SRINAGAR : A series of poorly scripted videos and dubious origin posters — attempting to cash on divisions between Al-Qaeda-linked commander Zakir Musa and his erstwhile group Hizb-ul-Mujahideen — have appeared in the region in recent weeks.
The latest to appear is a poster written in Urdu with significant spelling errors.
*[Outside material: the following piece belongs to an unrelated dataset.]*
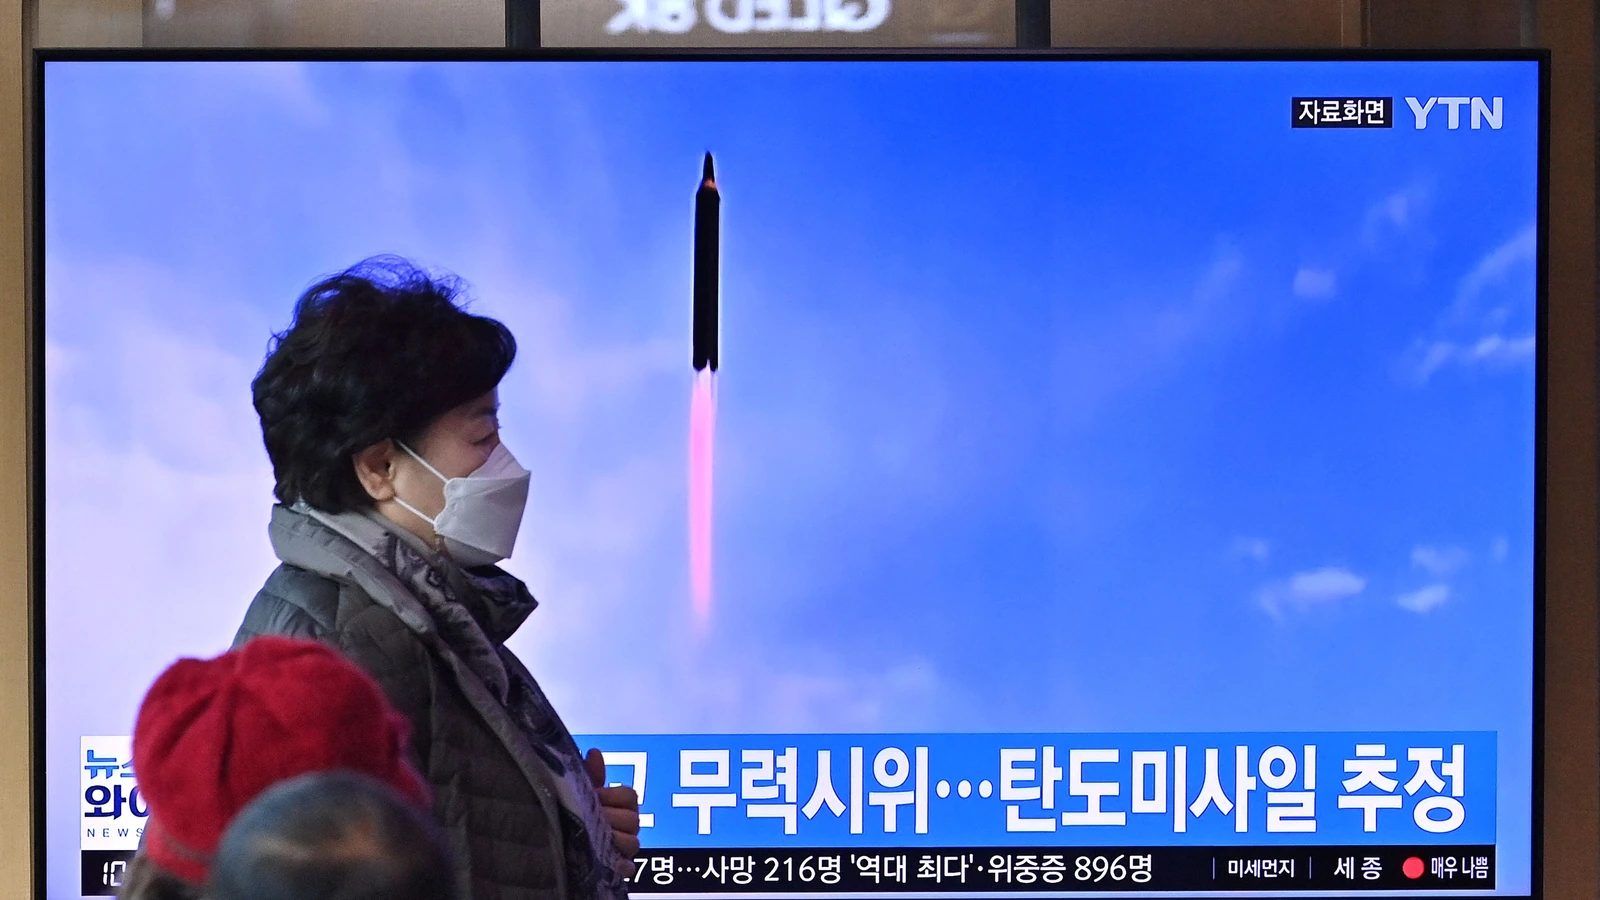 North Korea claims new test of ‘reconnaissance satellite’ component

The contents of the poster accuse Zakir Musa of being a “traitor” or “gadaar” — the word spelt wrongly, which has caused doubt about the origin of the message.
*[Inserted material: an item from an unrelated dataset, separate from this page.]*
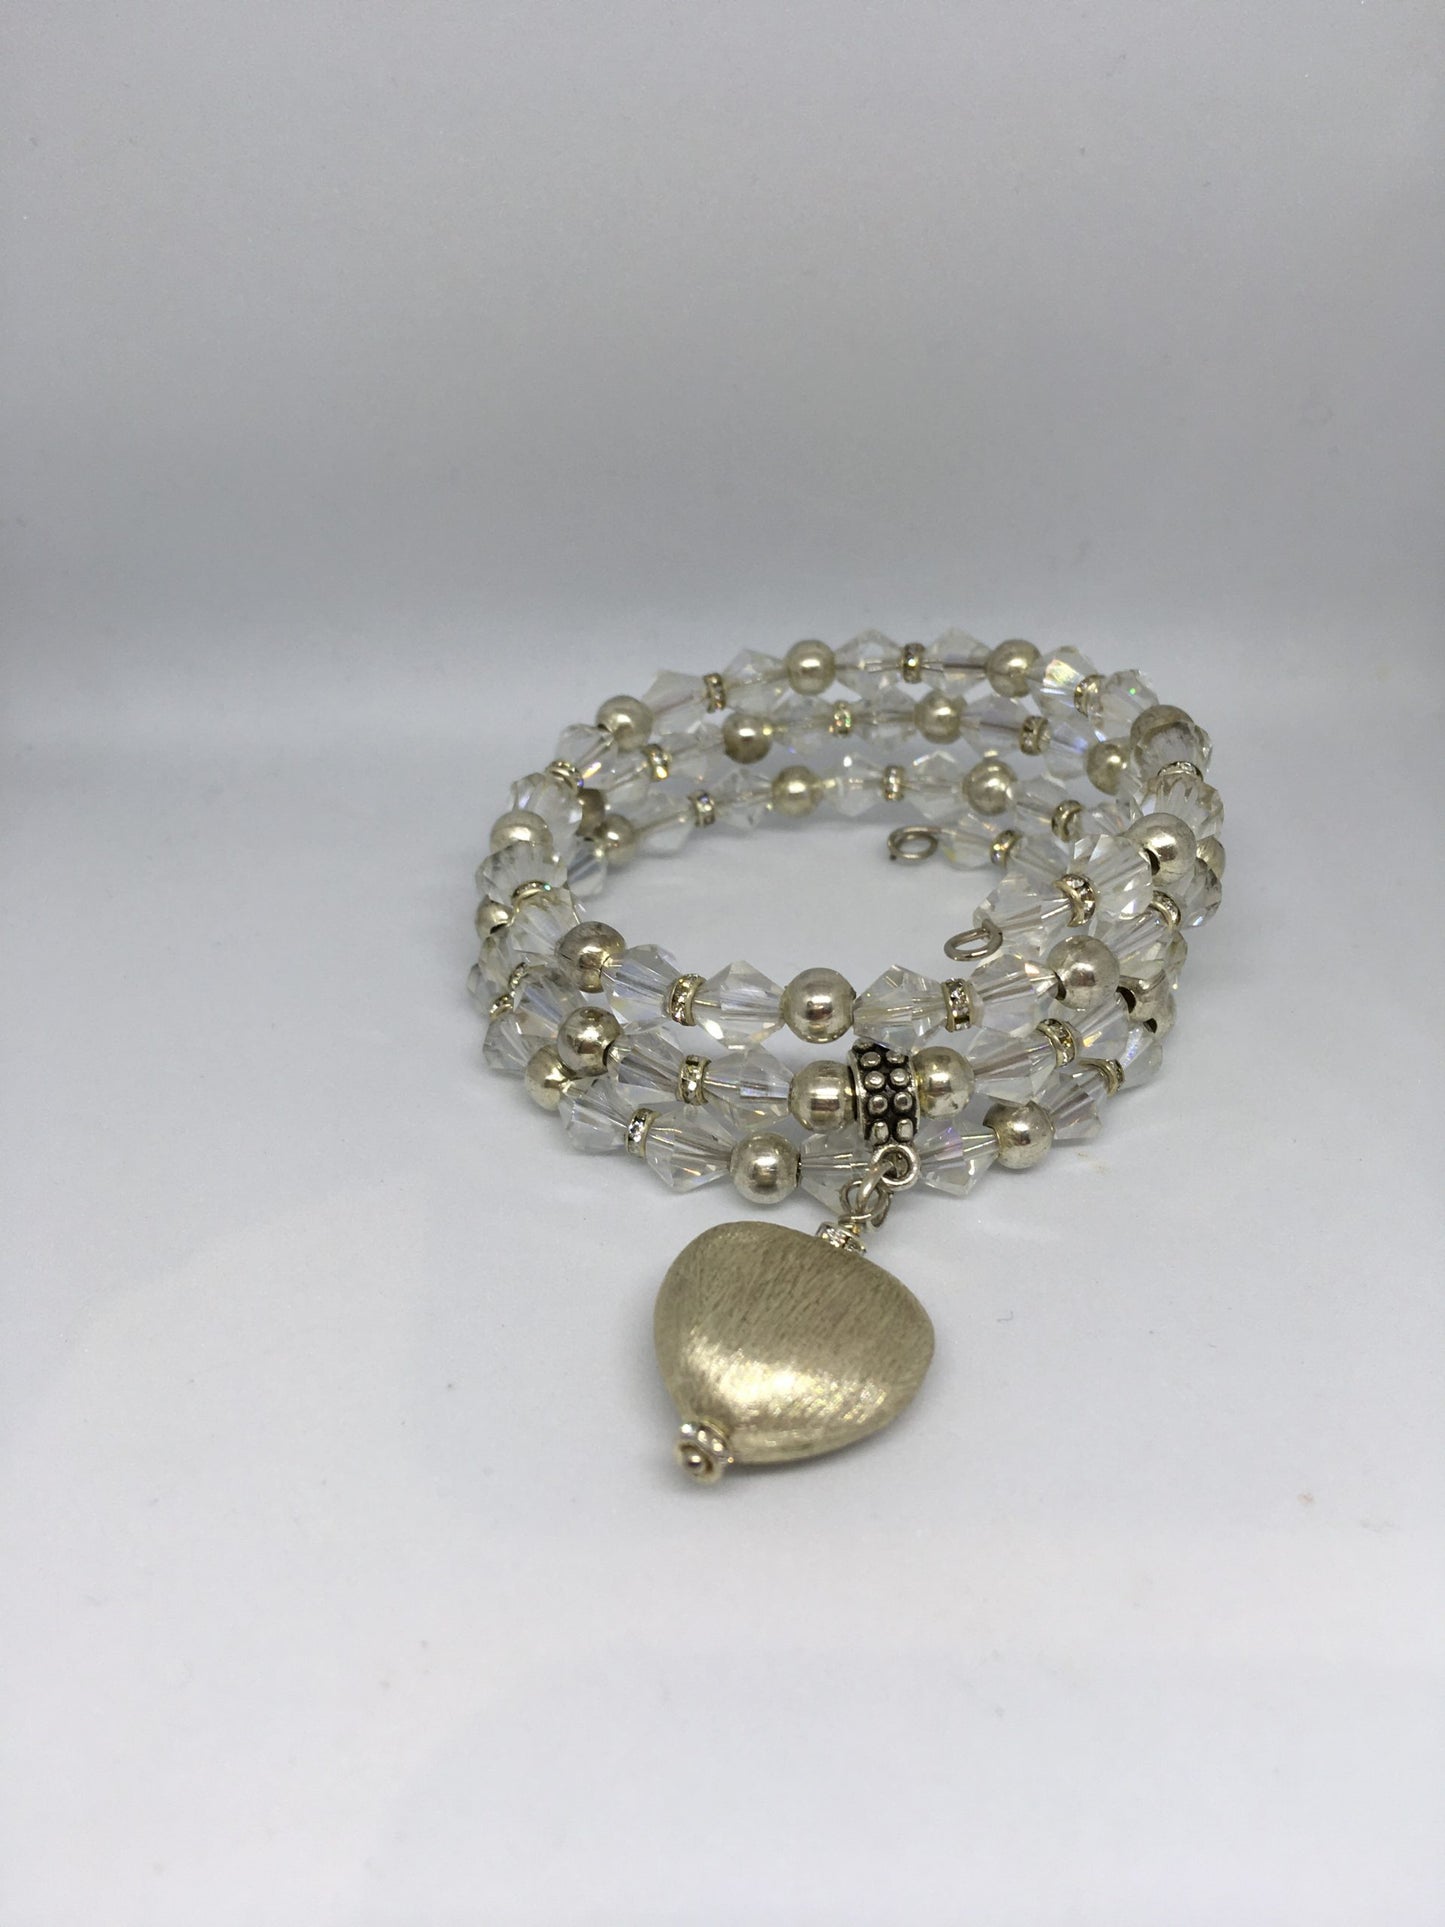 MEMORY WIRE CLEAR AB CRYSTAL BRACELET

The posters, which had the logo of Hizbul Mujahideen, appeared in Shopian and Kulgam districts of south Kashmir on Saturday and followed a pattern of anti-Zakir messages that have appeared in similarly themed videos in recent weeks.
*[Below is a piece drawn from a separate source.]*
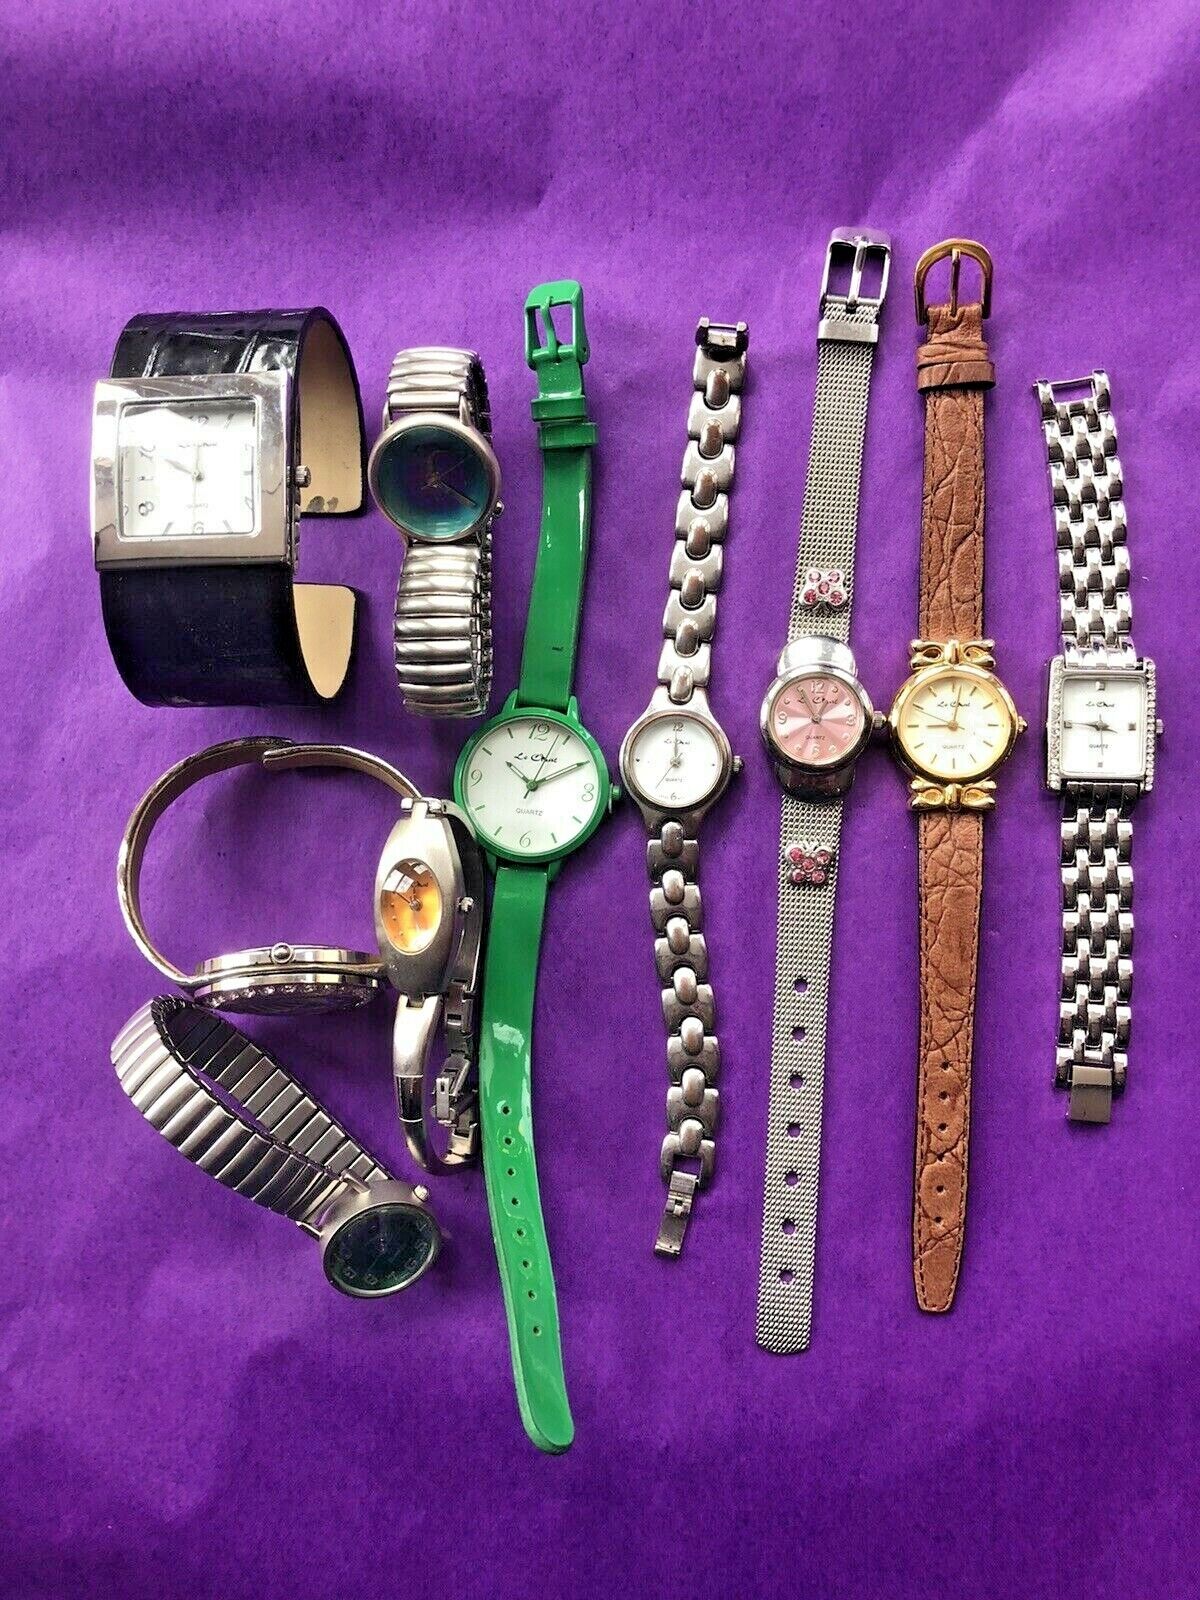 "LE CHAT", Chateau Fashion Watches - Lot 4 - Untested (Ten Watches) (U/L4/I.76)

The videos first appeared in June, within weeks after a rift broke out between Zakir Musa and separatist politicians, and Zakir Musa and Hizbul Mujahideen, when the young militant commander vowed to fight for an Islamist cause.
The rift grew as the three sides hardened their positions culminating in Zakir quitting Hizbul Mujahideen. Since then, Zakir’s popularity has grown despite opposition from traditional separatists and Pakistan-based militant groups as he was named as the head of the newly formed Al-Qaeda-linked Ansar Ghazwat-ul-Hind.
In the videos, masked gunmen first claimed to be from Zakir’s group and said they had leaked the hideout of Hizbul Mujahideen militant Sabzar Ahmad Bhat. In subsequent videos, the masked militants claimed themselves to be from Hizbul Mujahideen and accused Zakir of leaking information about the hideouts of militants.
The latest poster followed a similar theme. However, the posters and the videos backfired on the social media, where locals rubbished them as the work of “intelligence agencies”.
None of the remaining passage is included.